Polish businessman (1950–2015)

Jan Jerzy Kulczyk (24 June 1950 – 29 July 2015) was a Polish billionaire businessman. He was the founder and owner of Kulczyk Holding (headquartered in Warsaw) and an international investment house Kulczyk Investments (former name: Kulczyk Investment House) with headquarters in Luxembourg and offices in London and Kyiv, Ukraine. According to Forbes, Kulczyk was the richest Pole at the time of his death.

==Education==
Kulczyk graduated from VI Jan i Jędrzej Śniadeccy Secondary School in Bydgoszcz in 1968. He studied law at the Adam Mickiewicz University in Poznań and foreign trade at the Poznań University of Economics and Business (then: Academy of Economics in Poznań). He received a doctorate in political sciences and international law in 1975. He was also a researcher at the Institute for Western Affairs in Poznań, where he dealt with German issues (member of the Institute's honorary committee).

==Business career==
In 1981, Kulczyk founded his first company with money from his father Henryk. The Interkulpol joint-venture was one of the first international trade companies formed in Poland since the second world war. In 1988, Kulczyk became the official Volkswagen dealer in Poland. His first large-scale deal was a PLN 150-million (35.7 million euros) sale of 3,000 Volkswagen cars delivered to the Polish police and the security services in the early 1990s.
In 1991, Kulczyk Holding a limited liability company was founded. In 1993, the company changed its legal form into a joint-stock company. Kulczyk held the post of the chairman of the supervisory board.

The completed investments in his portfolio included: Telekomunikacja Polska (a 47.5% share in the years 2000–2005, held by a consortium comprising Kulczyk Holding and France Telecom (of which Kulczyk Holding held a 13.6% share); Polska Telefonia Cyfrowa (a 4.8% share in 1993–1999 in partnership with Deutsche Telekom); TUiR Warta Property Insurance Company (a nearly 70% share held in 1996–2006. All of the shares were stock-bought, except for a 19.8% share acquired from the State Treasury in a public tender); PTE Warta Pension Manager (a 50% share in 2000–2005); PKN Orlen (a nearly 5% share in 2001–2005).
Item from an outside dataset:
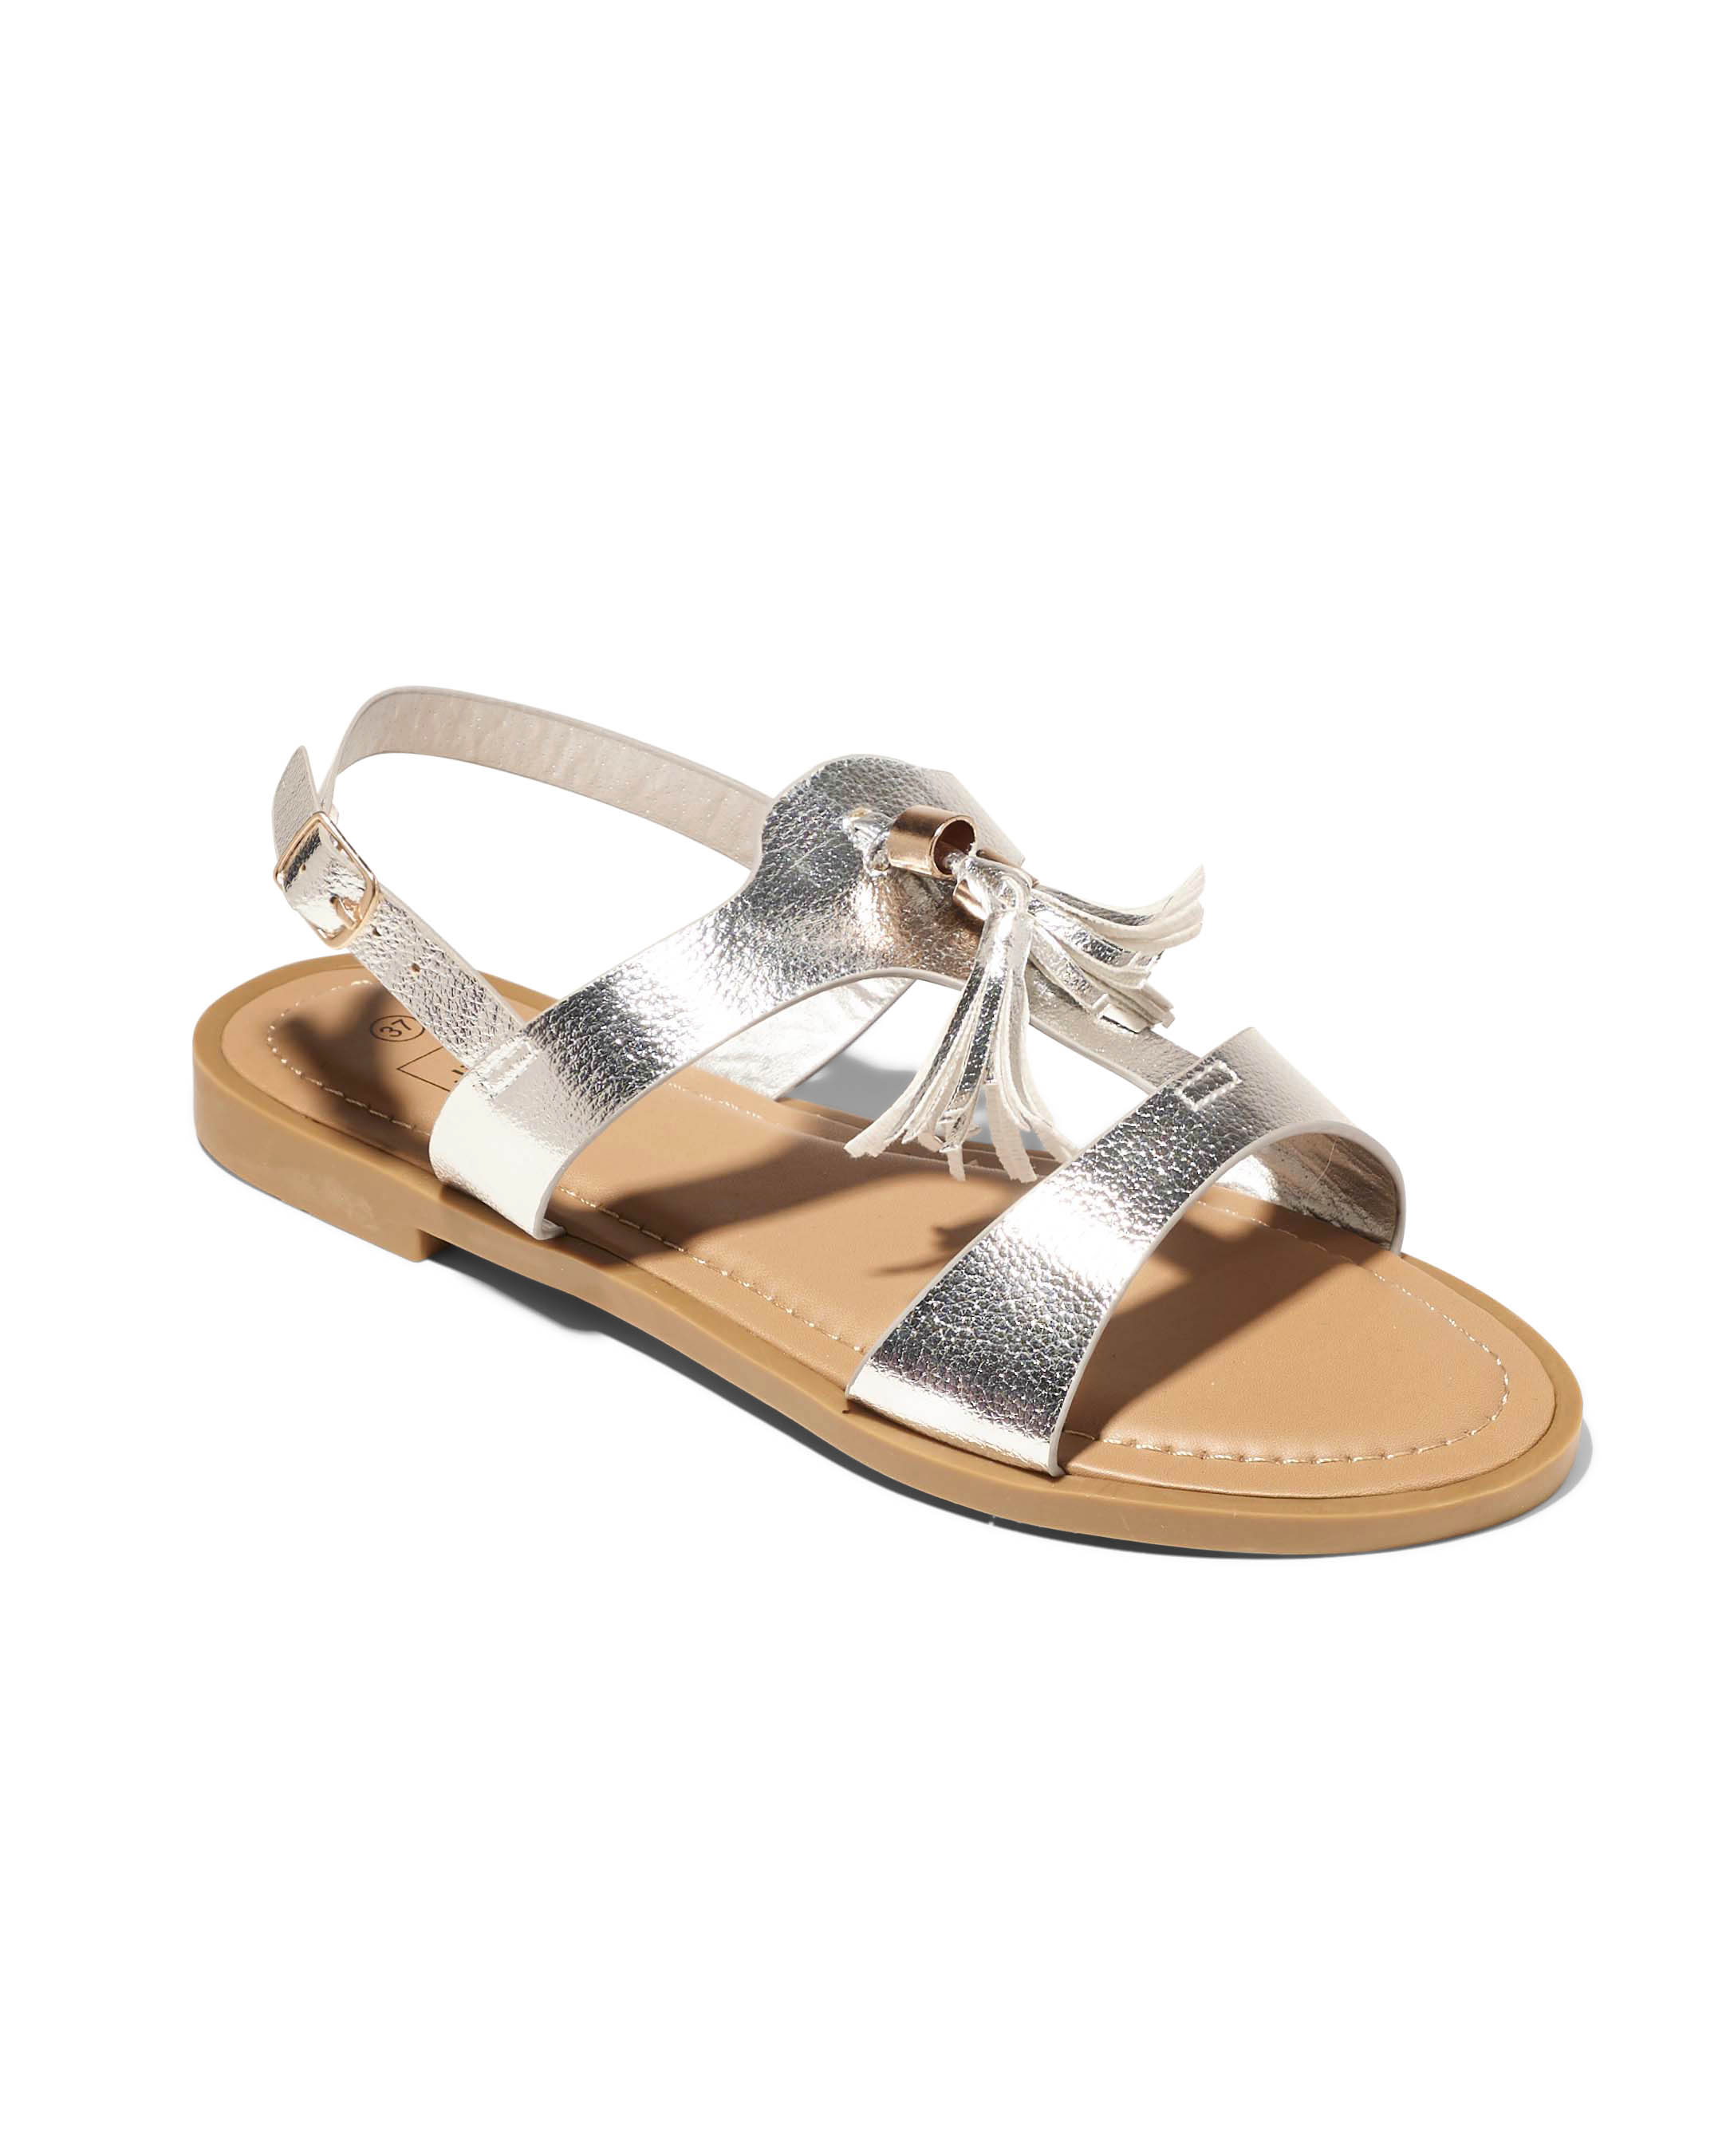 Sandales Plates Femme - Sandale Plate Argent Jina - Fwcz0705-02

Polish oil refinery

In 2007, Kulczyk reorganized the Kulczyk Holding Group into Kulczyk Investment House, later known as Kulczyk Investments.
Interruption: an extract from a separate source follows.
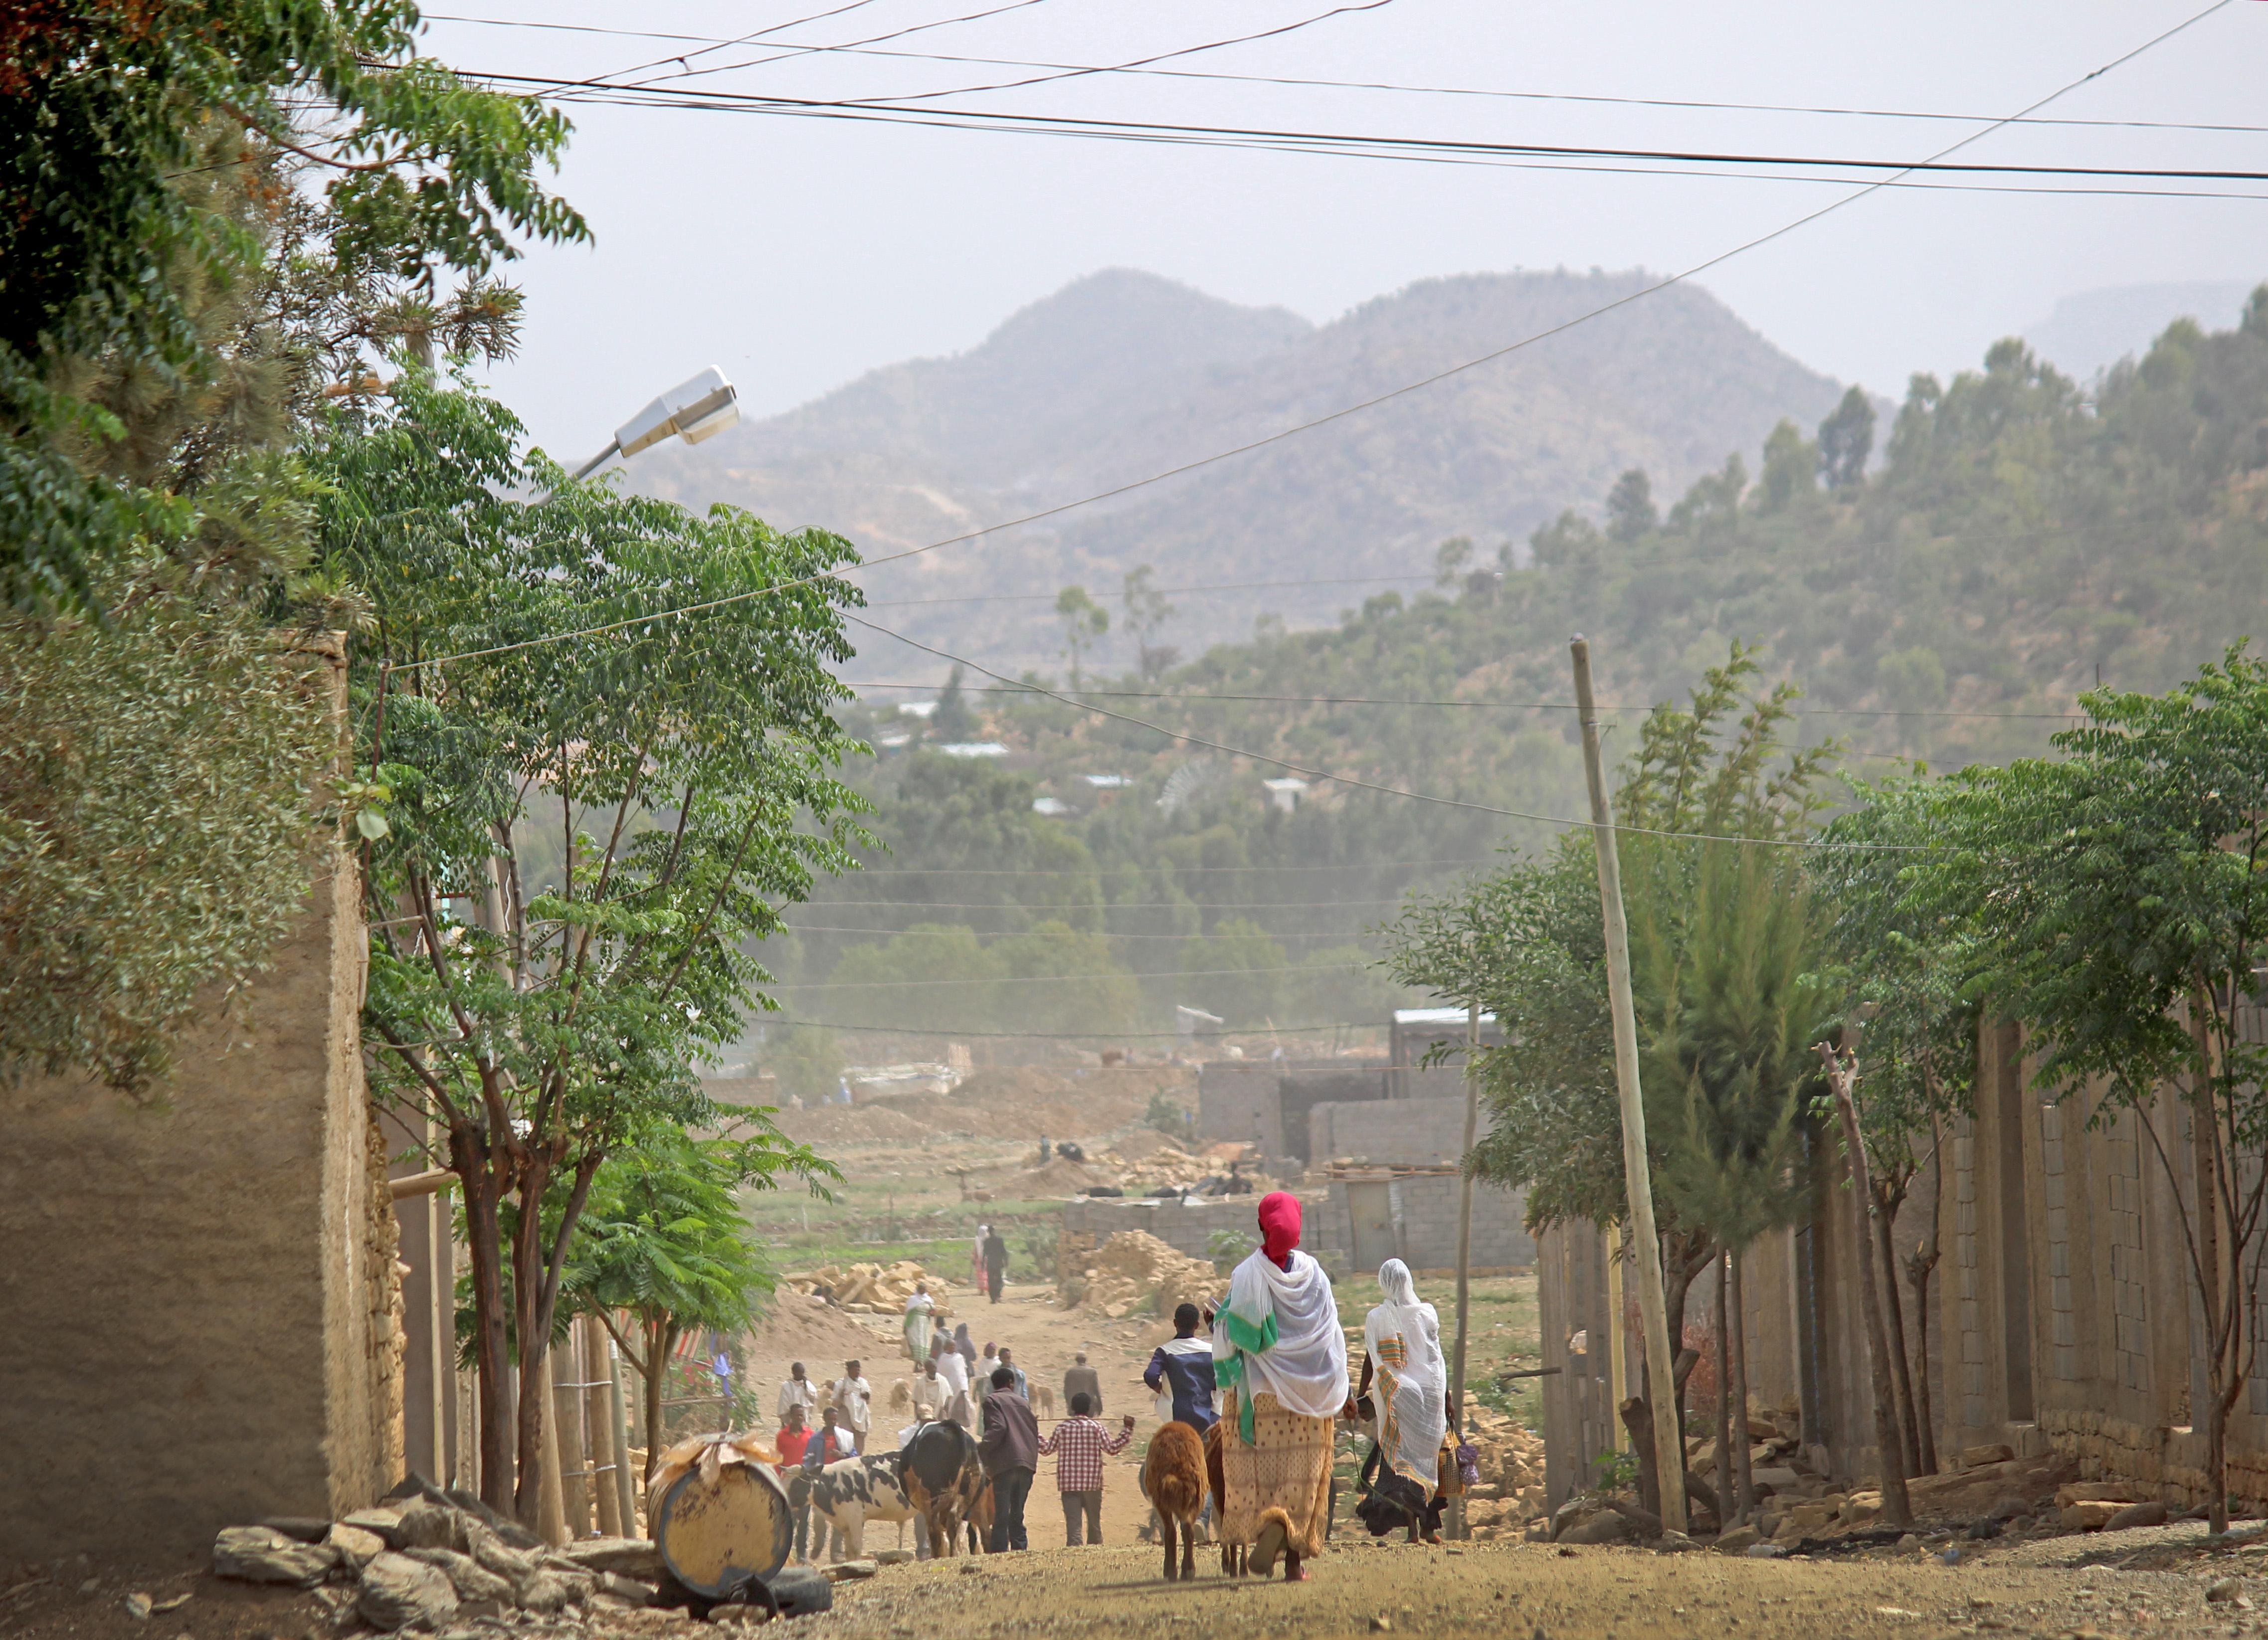 Street in Wukro, Ethiopia; credit: Marina Korzenevica Proud; Credit: Marina Korzenevica-Proud

Kulczyk invested in energy, oil and gas, infrastructure, real estate and brewery sectors. His company Kulczyk Investments has 40% share in Neconde Energy Limited, an oil production in Nigeria, 3.49% in San Leon Energy (oil and gas exploration and production), 33.72% in Loon Energy Corporation (a company holding an oil exploration and production licenses in Colombia and Peru), 50.76% in Serinus Energy (an oil and gas exploration and production company operating in Ukraine, Tunisia and Romania) and 9.73% share in Ophir Energy (an oil and gas exploration and production company operating in Africa). Kulczyk Investments portfolio includes also a 15.4% share in Strata Limited, a company focused on development of mining projects in Africa and a 25% share in Centar, a company exploring for natural resources in Afghanistan and other countries in Central Asia and Africa.
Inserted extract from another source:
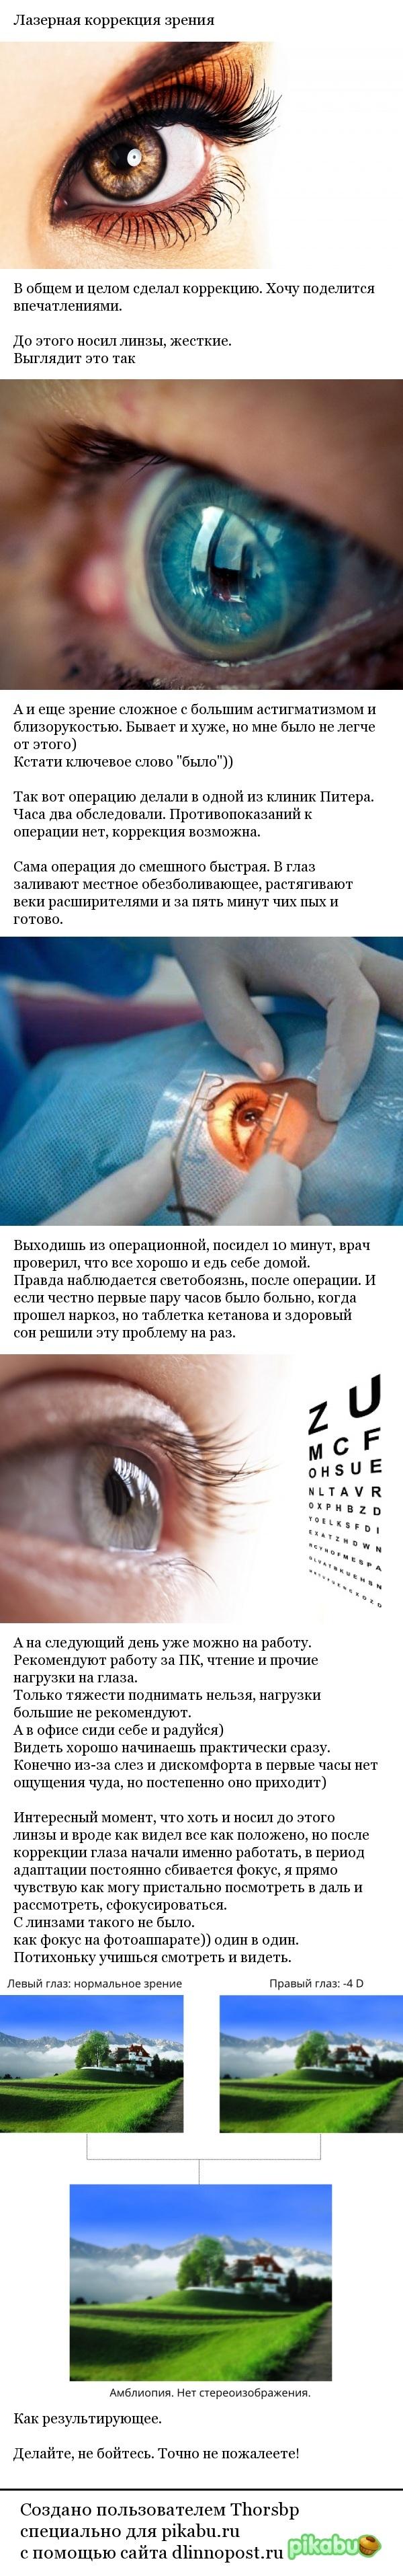 Лазерная коррекция Зрение, Коррекция, Лазер, Длиннопост

In 2010, in cooperation with Silverstein Properties Inc., Kulczyk Silverstein Properties was founded as a joint-venture company specializing in development of commercial real estate projects in Central Europe.

In 2009, company traded a 28% share in Kompania Piwowarska for a 3% share in SABMiller – the world's second biggest beer producer.

Kulczyk Investments holds a 24% share in Autostrada Wielkopolska, a 40% share in Autostrada Wielkopolska II and a 45% share of Autostrada Eksploatacja through subsidiary companies. He also held a 58.42% share in Pekaes SA.

Kulczyk Investments created Polenergia, Poland's first private energy group with regional scope, operating in the sectors of energy generation, distribution and trading from conventional and unconventional sources. In 2011, the Kulczyk Group acquired a 100% share in Nowa Sarzyna Power Plant.

After Kulczyk's death in July 2015, his children became his successors. Dominika Kulczyk, as the vice-president of the supervisory board of Kulczyk Investments, is responsible for international relations and the CSR projects. Sebastian Kulczyk has been serving as the Kulczyk Investments CEO since December 2013, and in August 2015, he took his dead father's place in the supervisory board of Ciech S.A.

=== Other activities===
Kulczyk was the co-founder of the Polish Business Roundtable. He was also the Honorary Chairman of the German – Polish Chamber of Commerce.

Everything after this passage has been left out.